# Heat, Humidity and Age-Warning Long and Whiny



## Schneiderguy (Jan 9, 2005)

I'm 66 and think the last few years are like "doggie years" :cryin: I live where it gets hot and humid. The typical Saturday group ride is 55-65 miles and average pace 20 mph. Ususally 10-15 riders and run a single pace line through rollers. Since the weather has heated up on Saturdays I'm good to the store stop about half way into the ride or around 1.5 hrs or so. Last few Saturdays the pace was 21-21.5 to the store stop. During the second part of the ride my legs shut down. I can't put adequate power out to keep up. I don't usually cramp but I do get twinges that are close to it. I think I over heat and I'm not cooling off due the humidity. I think the humidity doesn't allow me to evaporate adequately. Ths past Saturday for example the temp was 72 degrees at 7:00 (we started riding at 7:30) and the humidity was 93%. At 8:00 the temp was around 78 degrees and 84% humidity and by 11:00 the temp was 86 degrees (feel temp was 98 degrees) and 63% humidity. I rode the last half of the way from the store stop by myself in the small ring took it easy and still averaged 18.8 mph for the ride riding easy by myself much of the way back. The riders cloest to my age are 10-15 years younger than me and a few much younger. Einstein defined "insanity" as contiune to do the same thing and expect different results". I don't think it is a matter of fitness, suffering more, or training away the problem. Fact is I can't do it-at lest for 3-3.5 hours. One option is riding to the store with the group and then ride easy on my own the last half of the ride-sort of what is happening now but avoiding further serious stress where the legs give out. Or is it better to avoid that level of stress even for half the ride and just do my own thing and get back with the group in the fall. I know I can find another slower group but I'm not willing to admit to it yet! I do intervals on Tuesdays on the trainer and an hour really fast group ride on Thursdays-it's hot but the humidy is down a lot. I may have to give up Thursdays when it get really hot. BTW I'm well hydrated drink 4-5 20 oz bottles of gatorade and eat appropriately so that's not the problem.


----------



## woodys737 (Dec 31, 2005)

IME hydration is as much what I do the days leading up to an event as taking on liquids during the event.

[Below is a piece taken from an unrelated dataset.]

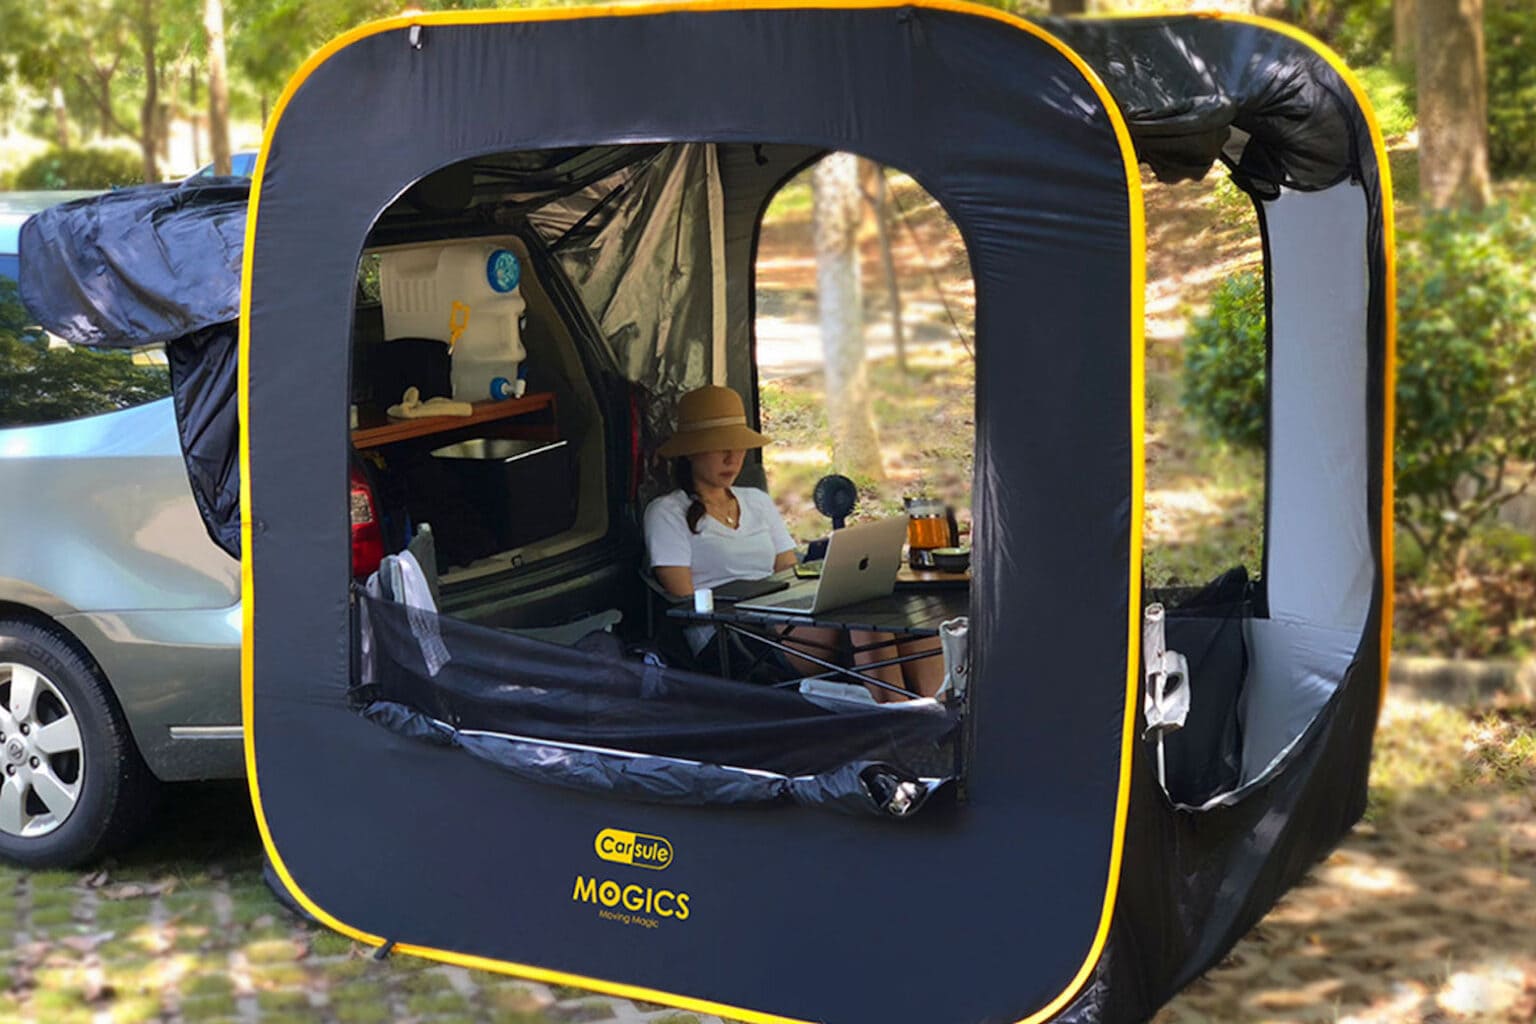 Get the $319.99 tent that extends your car into a cabin.

IMHO 10-15 years younger guys can be a player. But that depends on som many variables.

I agree it's not about suffering more, but I disagree that it's not about fitness. IME and IMO it's all about fitness. With that being said, there are limits to fitness gains. Maybe identify other limiters specific to you as the heat and humidity were the same for everyone that day.


----------